La conexión de Patricia López Arnaiz con el personaje interpretado por Irene Vigüez es muy fuerte dentro de la película. Las dos logran hacernos ver la claridad de sus ideas con la mirada. Todas las acciones parecen confluir en un cruce del que ya es demasiado tarde para escapar. Y precisamente la bondad lleva a los personajes a una zona sumida en la oscuridad.

El camino arranca con las dudas pero de repente surge durante la historia que esta opción es la única. Esta o nada. ¿Me atrevo a abrir la caja de pandora o me encuentro protegida en un sitio en el que ya sé cómo vivir? En el momento en que tú te atreves a dar el paso se abren tantas heridas que solo hay una convicción. Ya veremos qué opinión genera Adela. No hemos pensado en hacer un personaje turbio o con maldad. Manuel ha trabajado conmigo muchas situaciones hasta hacerme entender que todos los personajes nos movíamos por amor. Es una huída hacia delante y no hay más opción.

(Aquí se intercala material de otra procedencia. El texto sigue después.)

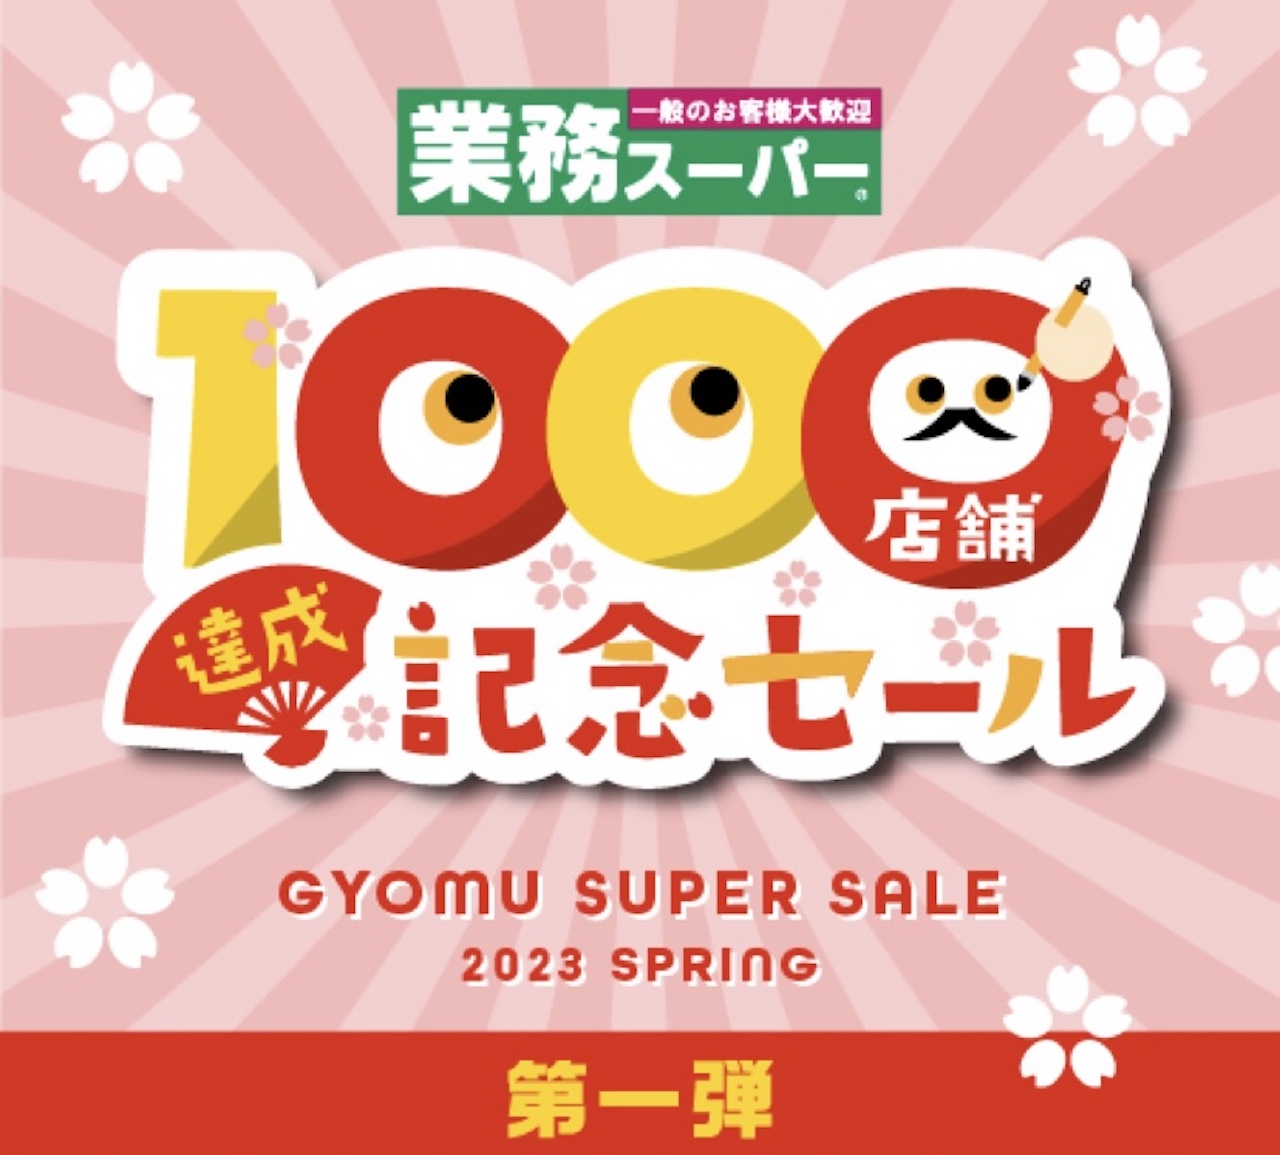 【業務スーパー】1000店舗達成記念セール！3月1日(水)から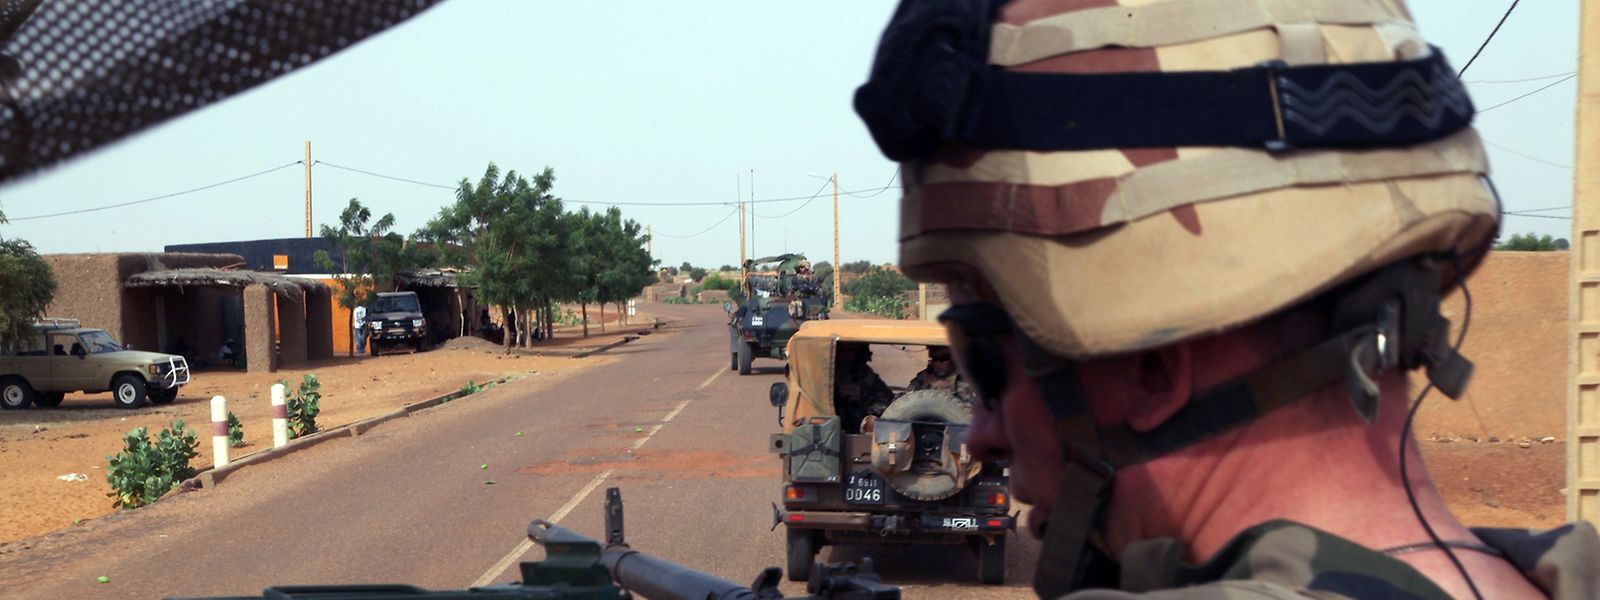 Rebellen verüben in Mali vor allem Anschläge auf UN-Truppen und Ausländer.

A través de las palabras y el brillo en los ojos de Patricia López Arnaiz, al recordar el rodaje, podemos observar que la producción de esta película ha sido todo un viaje para el equipo. No importa las películas que lleves a tus espaldas. Dar con un director como Manuel Martín Cuenca hace que puedas exprimir al máximo las capacidades interpretativas.